*SUPPLIED DATA*:
● ● ●
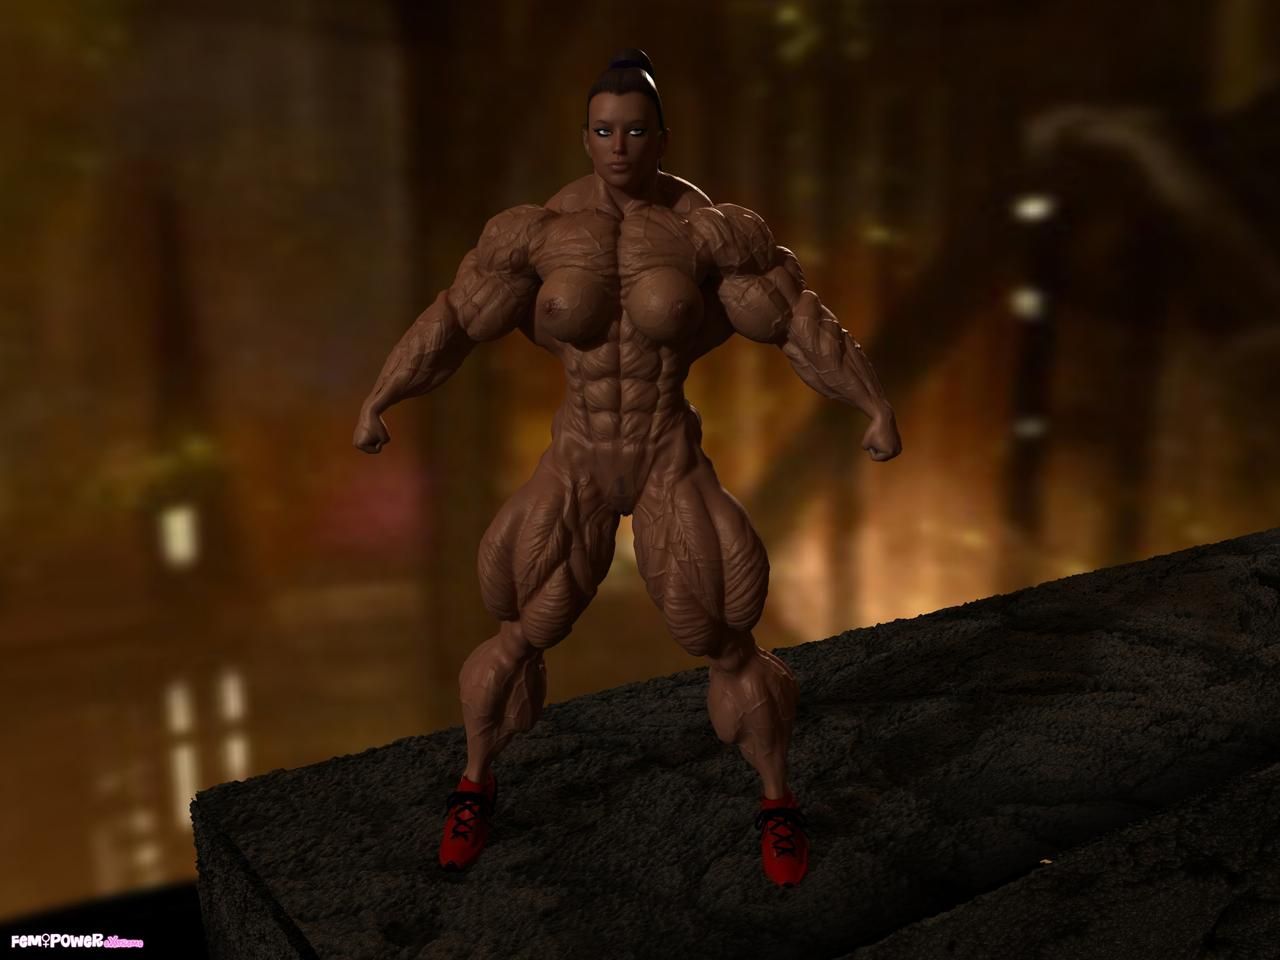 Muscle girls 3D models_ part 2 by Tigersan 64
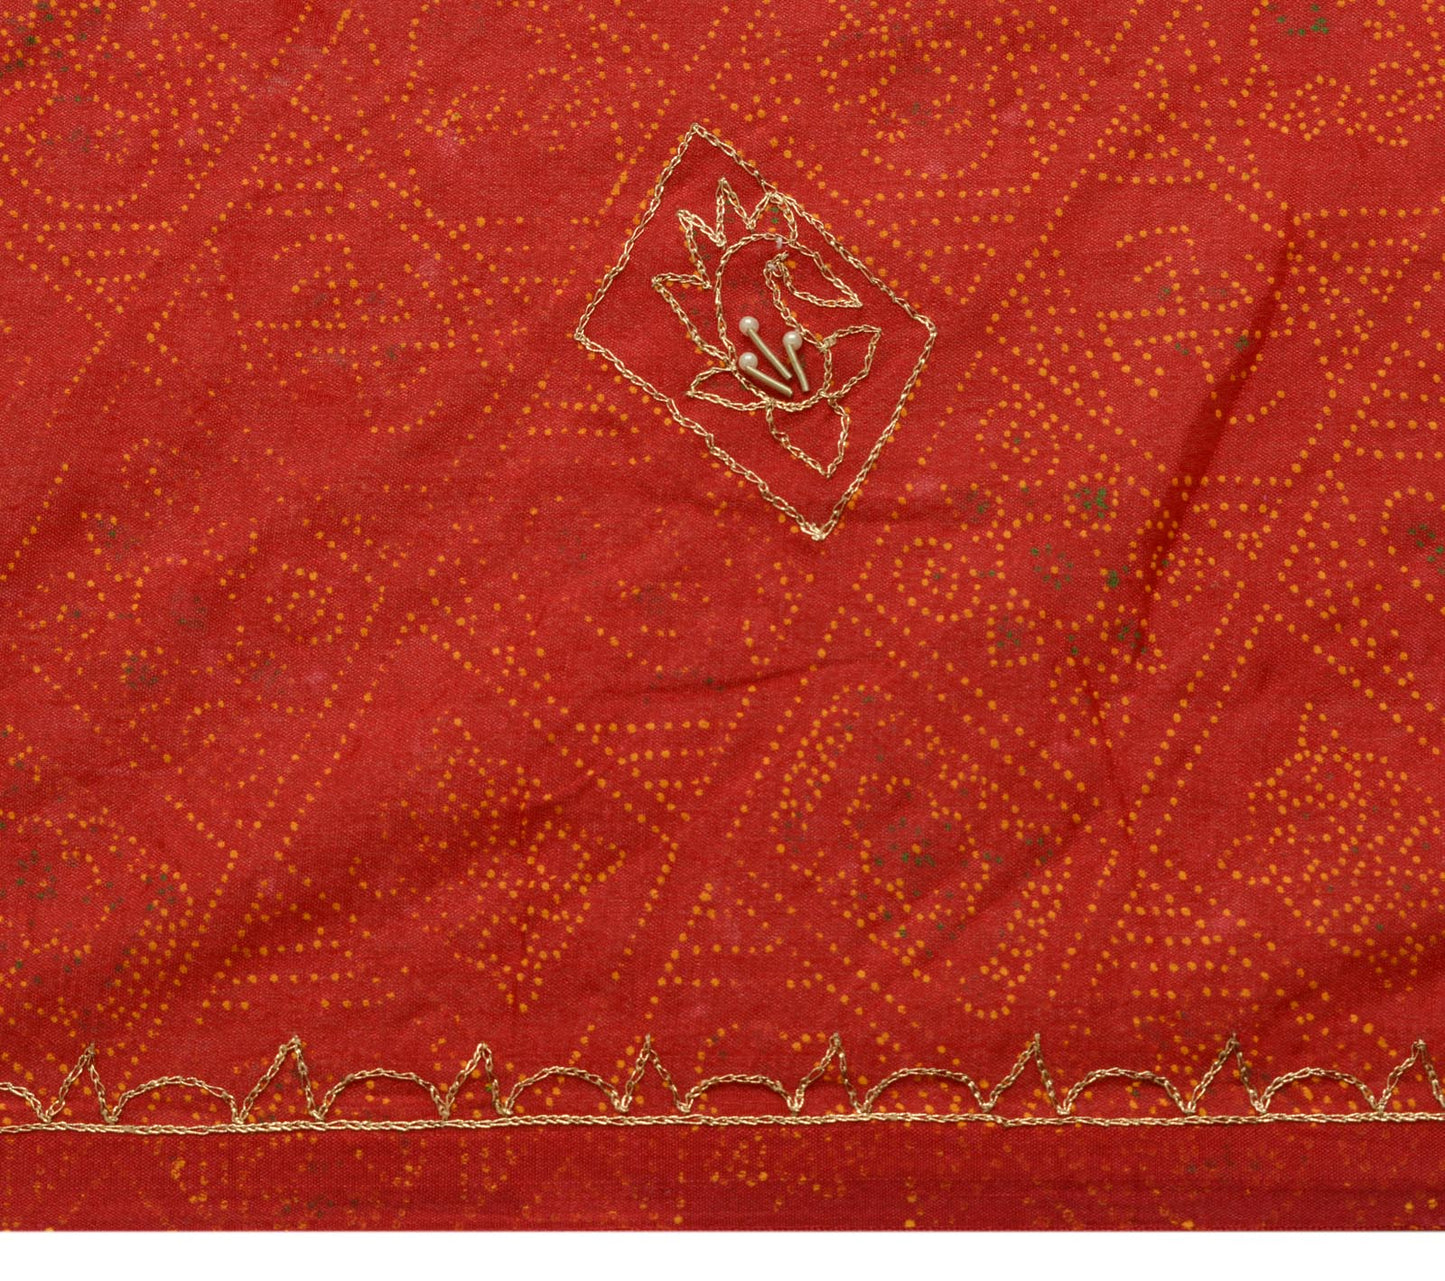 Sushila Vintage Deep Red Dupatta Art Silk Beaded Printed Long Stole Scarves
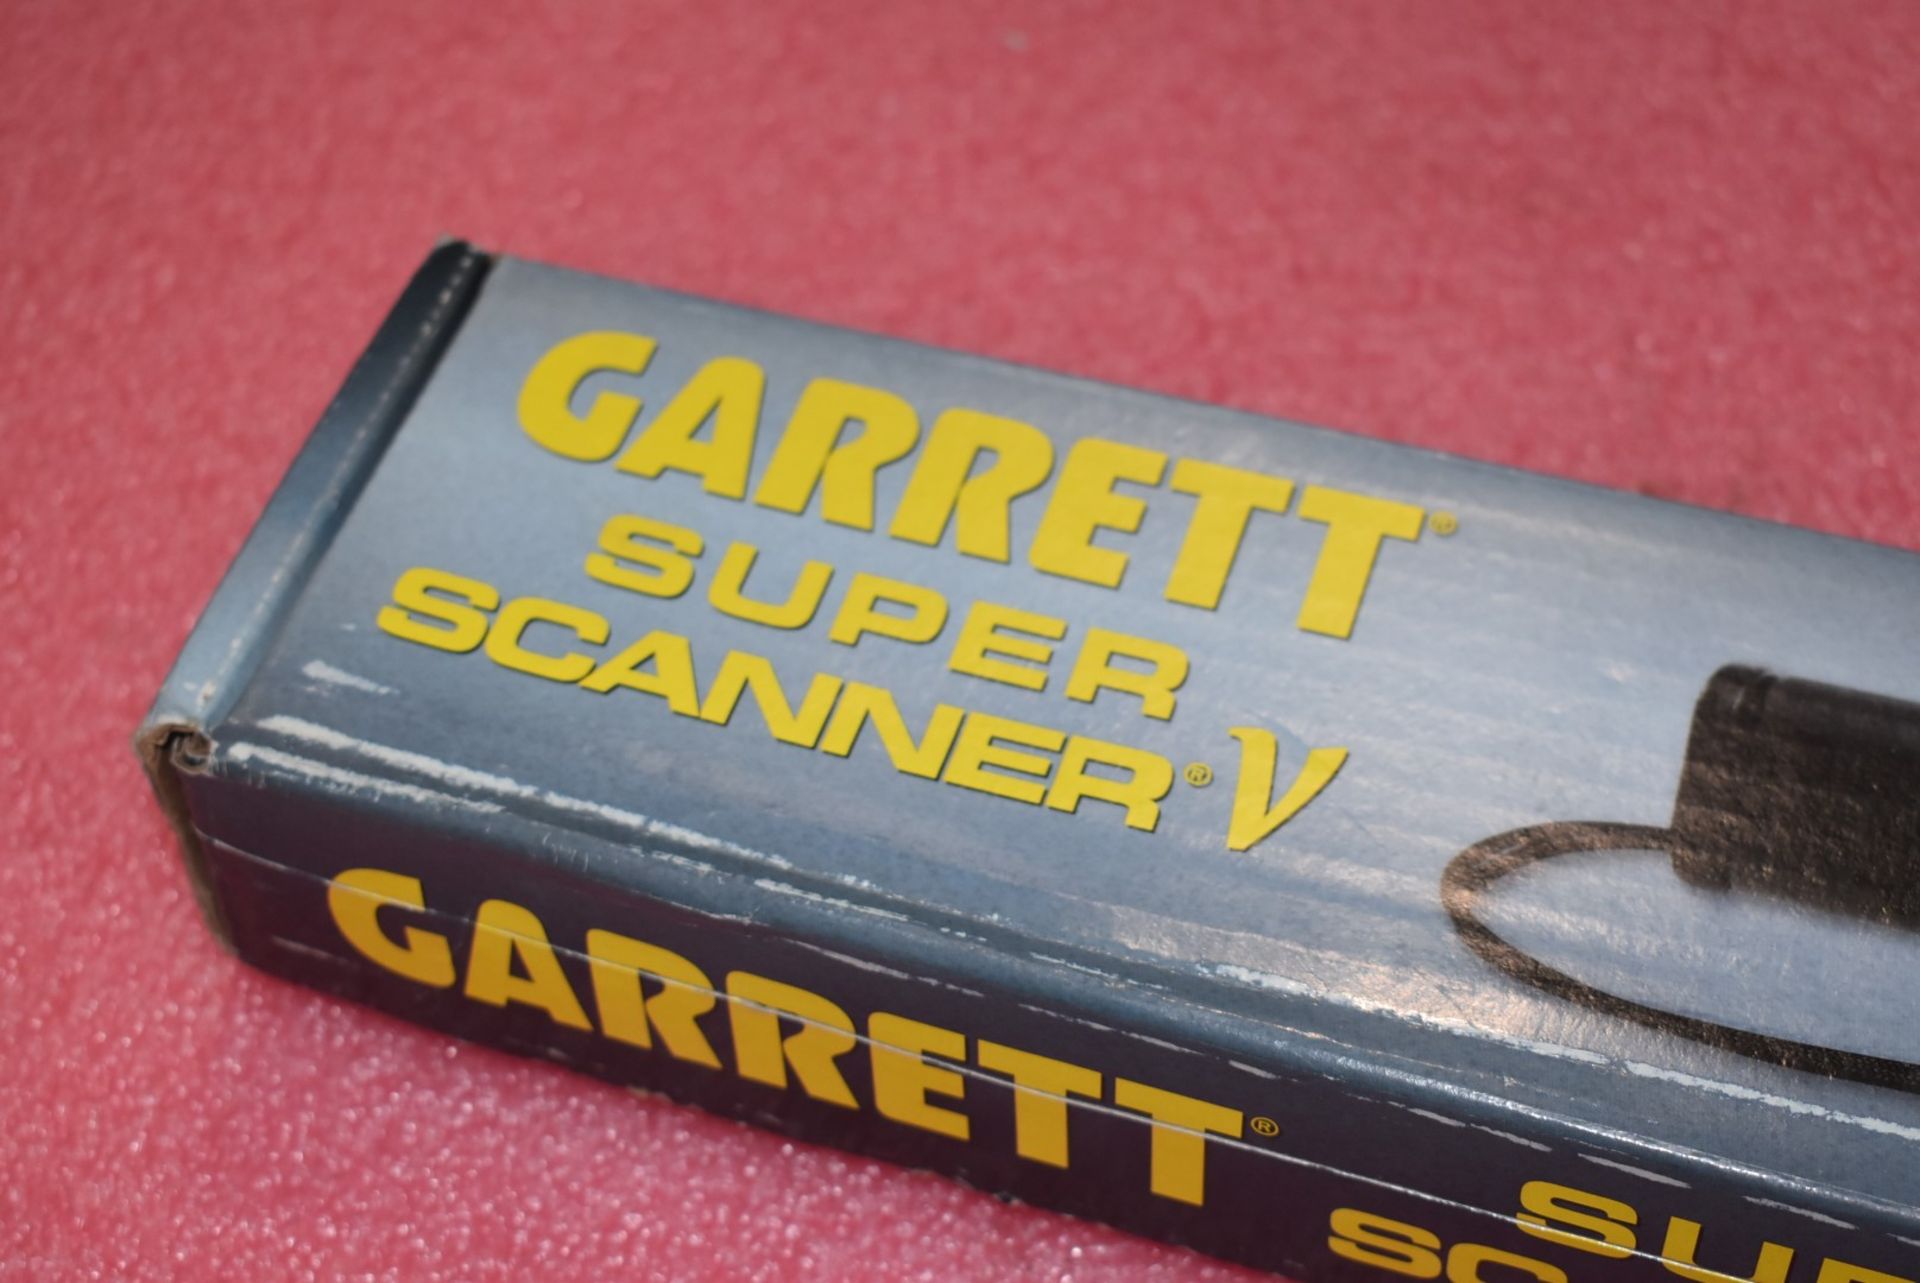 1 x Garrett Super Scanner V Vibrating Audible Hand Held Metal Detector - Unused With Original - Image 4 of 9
● ● ●
The whole listing should be reproduced exactly. Images don't go in.

*YOUR SOLUTION*:
 Muscle girls 3D models_ part 2 by Tigersan 64
 Sushila Vintage Deep Red Dupatta Art Silk Beaded Printed Long Stole Scarves
 1 x Garrett Super Scanner V Vibrating Audible Hand Held Metal Detector - Unused With Original - Image 4 of 9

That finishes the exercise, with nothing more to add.